# Grumpy from Eastbourne writes...



## Freddie99 (Dec 21, 2009)

Typical. Something good crops up int eh form of a pump clinic saying that I can start if I want to in January. Now it seems that the bloody Medtronic pump trainer is not available until March. I could start on a Roche pump like Shelley has done but why start on something I don't want. I am rather attatched to my Medtronic Veo but I'm exceptionally pissed off about having to wait an extra three months when I was told I could start in just over three weeks time. I'm almost tempted to get on the phone and give Medtronic an earful. I know it's not my teams fault but they could have been quicker with getting this sort of information to me rather than me having to get in touch with them to find this out.

The grumpy bugger has now finished until I find something else worth of my scorn and derision.


----------



## bev (Dec 21, 2009)

Tom,

We nearly had this problem when starting on the pump. They book up months in advance. But i found out the name of the local medtronic rep and rang her and explained we wanted it before A went back to school in september (this was end of july) and she fitted us in in august.

Try ringing them yourself and explain how desperate you are and is there any way of fitting you in.Bev


----------



## Freddie99 (Dec 21, 2009)

Thanks Bev, where would I be able to get the contact details for Medtronic?

Right, I'm going to drown my hatred of the NHS in booze. Lots of booze.


----------



## Sugarbum (Dec 21, 2009)

Thats bloody criminal.

Cant you book yourself in with Adrienne .....if only it was that simple.

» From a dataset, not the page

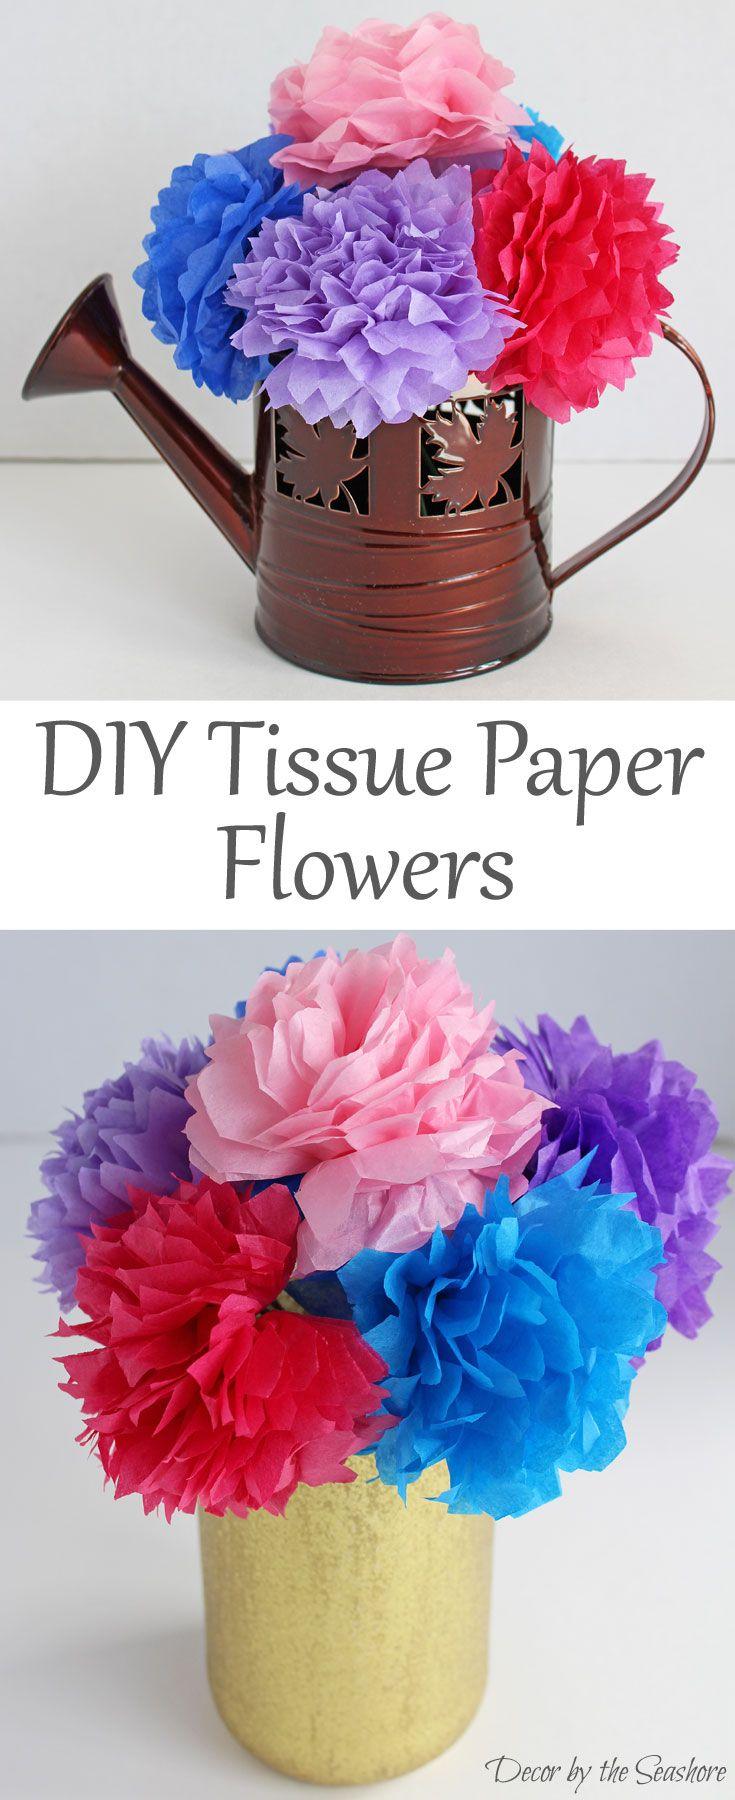 Diy Tissue Paper Flowers Tutorial Makinflowers Paper Flowers

Get on the phone to Medtronic......good luck.

x


----------



## am64 (Dec 21, 2009)

poor ole Tom ,try calling their head office to get hold of rep and explain you wanted to get sorted b4 uni starts again! good luck...with the booze aswell !


----------



## sofaraway (Dec 21, 2009)

Is it that your nurses are trained to start people on the Roche pumps, but as you are getting something different you need the rep to train you? 
If so could they get you sorted out by another local clinic where the nurses are trained on the medtronic pumps to get you started earlier? Just a thought not sure if it could happen.


----------



## rossi_mac (Dec 21, 2009)

No idea how but why not kick some ass!!


----------



## bev (Dec 21, 2009)

I just asked our team for the number and name so i could chase them up! The only problem with not involving your team with the pump start would be that they know all your insulin requirements and sensitivities and this will help to get a smooth start. Of course they could just do all this over the phone!

Also, if they are not familiar with the medtronic pump, then they will probably prefer to be at pump start so they can be sure they understand this particular pump etc..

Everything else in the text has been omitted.